# 14 year old abandoned cat



## RockRomantic (Apr 29, 2009)

hey everyone i never usually post in the cat section, but i saw an advert from another website and i can't stop thinking about the poor cat so i'll post on hre whats written in the hope someone can help

'Is there any one out there that is willing to take care of a poor abandoned old cat.

This poor cat has been abandoned by our old neighbours for quite a while they dumped him and left him to defend for him self why they moved to away.

Then he moved in with a woman that fed him and looked after him for a bit and then she left and dumped him again.

To be honest he is about 14 years old and just needs a loving home and a warm fire for his last years it's just awful for him living on the streets.
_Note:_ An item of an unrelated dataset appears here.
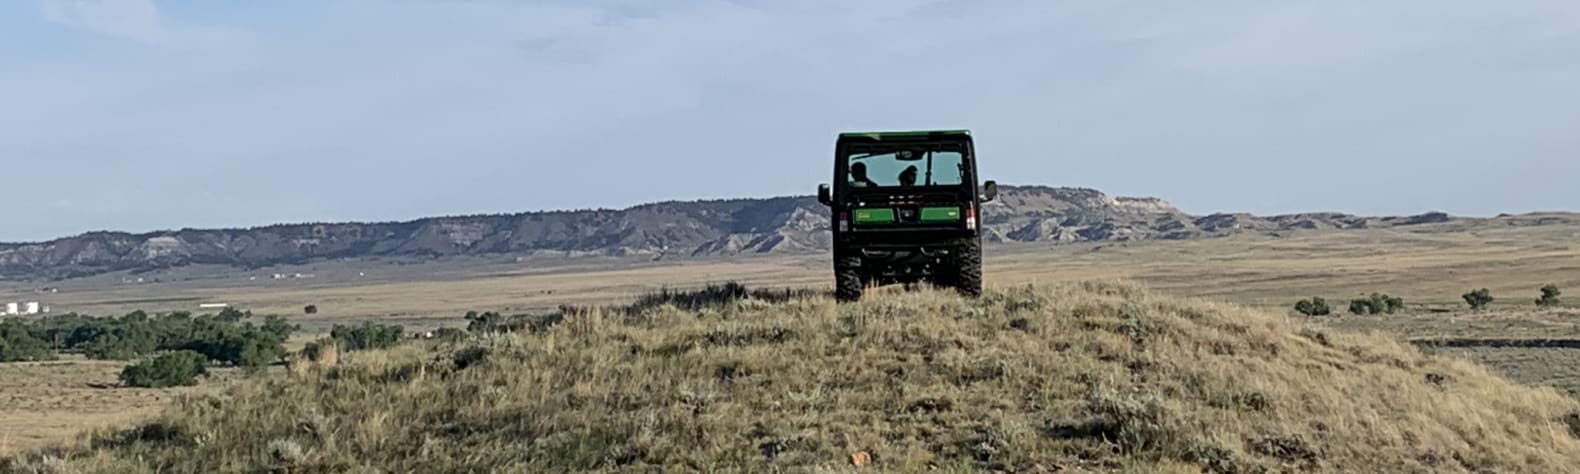 Remote & quiet Wyoming ranch.

I have tried to take him in millions of times but he hates my dogs and cats as I have a real lot as I rescue them and take them of the RSPCA and PDSA and foster them. If these take him in all they will do is put him down to be honest because of his age.

He is a white tabby and has different coloured eyes he seems quite healthy except from his ears are scraggy etc... From living out side.

He is friendly but can sometimes have an attitude but I think that's with him being an old man lol no small children please just in case.

Please really think about this if you are thinking of re homing him as I Dont won't some one taking him and then not being able to look after him or just give him a good life for the rest of his years.

People are welcome to bring him back to the street if it does not work out but only with notice.

He has lived her for ages and I just don't won't him living on the streets at he's age and especially dieting on the street it's just awful when you see a cat Rand over 

Please email me I can send you my contact details 

He is free to the right home and I can give you a litter tray, food bowl and food and some litter to start you off his name is got a

And he will use a litter tray and he's been castrated as I got it done when I took some of mine as I got it done throughout cats protection. Thanks 

Also I can deliver him as I drive'

Manchester area. 

If anyone would like the link I will pm it.


----------



## kirstyS (Oct 21, 2009)

Oh I WISH I was closer - I'd have him like a shot!


----------



## kirstyS (Oct 21, 2009)

I already have 1 old cat who lost his friend last year and have been thinking for a while about adopting another one.


----------